Glad to hear things are going relatively well but that’s a shame about little Kai, he has suffered so much in such a short time. His mother must be broken hearted too, an emotional struggle on all sides.

Isn’t the busyness just wonderful though?! 8)

It is awesome being so crazy busy. We went to the Calgary Stampede today while DH was at work. All 6 kids. lol Who knows what I was thinking. But it tuckered them all out and everyone is sound asleep and the sun hasn’t even set yet :slight_smile:

Things have been tough on all the kids. We became foster parents because life is so hard for those kids.

Amy and Andy are adopted from foster care. They have the same birth mother, who is an addict. She was arguably the worst parent one could be without assaulting a child. And even then technically she has crossed that line.

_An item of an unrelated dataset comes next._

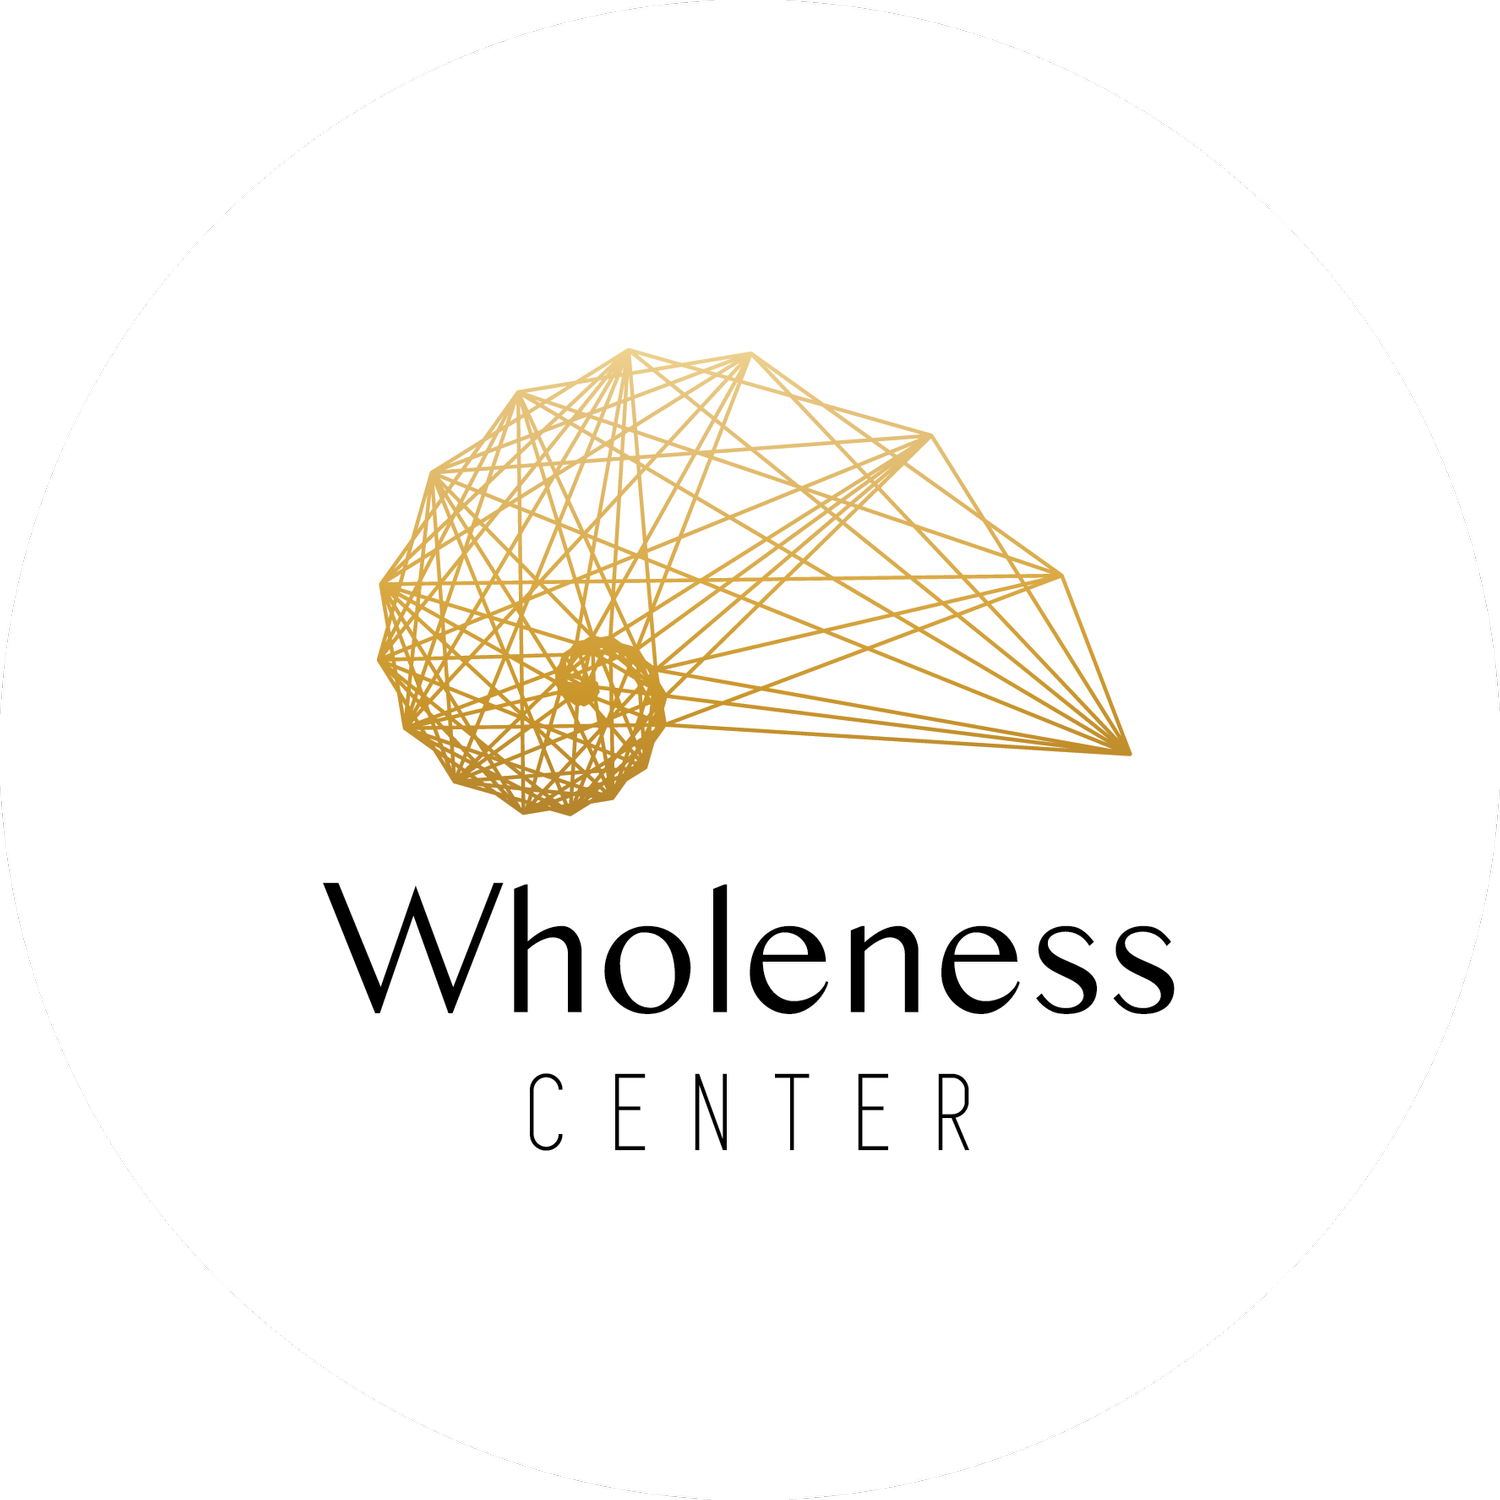 Wholeness Center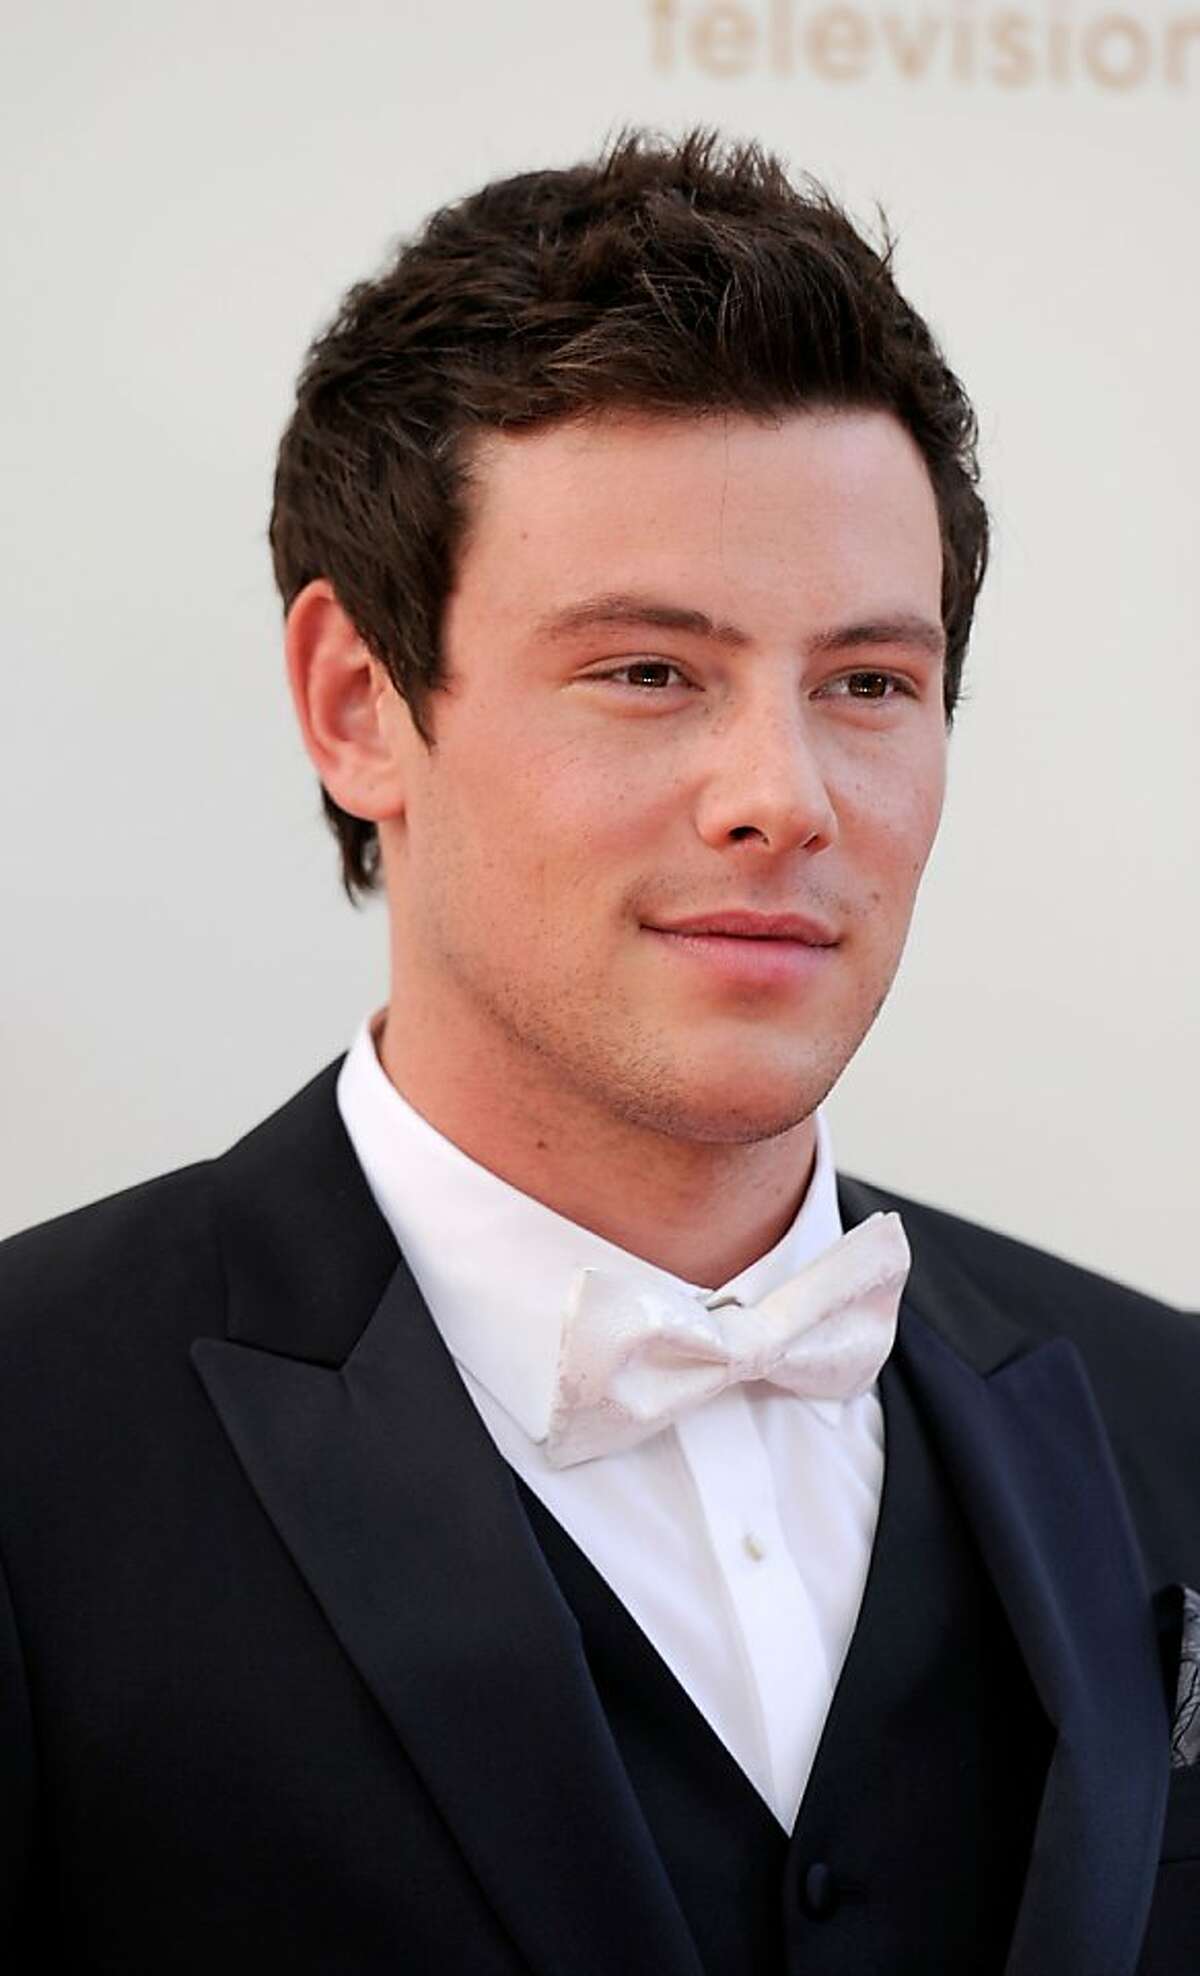 LOS ANGELES, CA - SEPTEMBER 18: Actor Cory Monteith arrives at the 63rd Annual Primetime Emmy Awards held at Nokia Theatre L.A. LIVE on September 18, 2011 in Los Angeles, California. (Photo by Frazer Harrison/Getty Images)

The 6 and 8 yo olds are in foster care because their father is in jail and their mother abandoned them. When he is released, they will go to live with him because, while he’s a criminal, he has not been deemed an unfit parent. I haven’t met him, but the kids do send letters to him and he seems to really love them. I can’t imagine what it would be like if my mother abandoned me, and to not have their father available at the time, that breaks my heart.

Kai was very loved in his family. And his mother still loves him. She loves him so much that she’s willing to give him up so he can have a ‘normal’ childhood.

I can’t decide what’s worse. I try not to think about it, it’s incredibly depressing. I try to use all that emotion to love them better.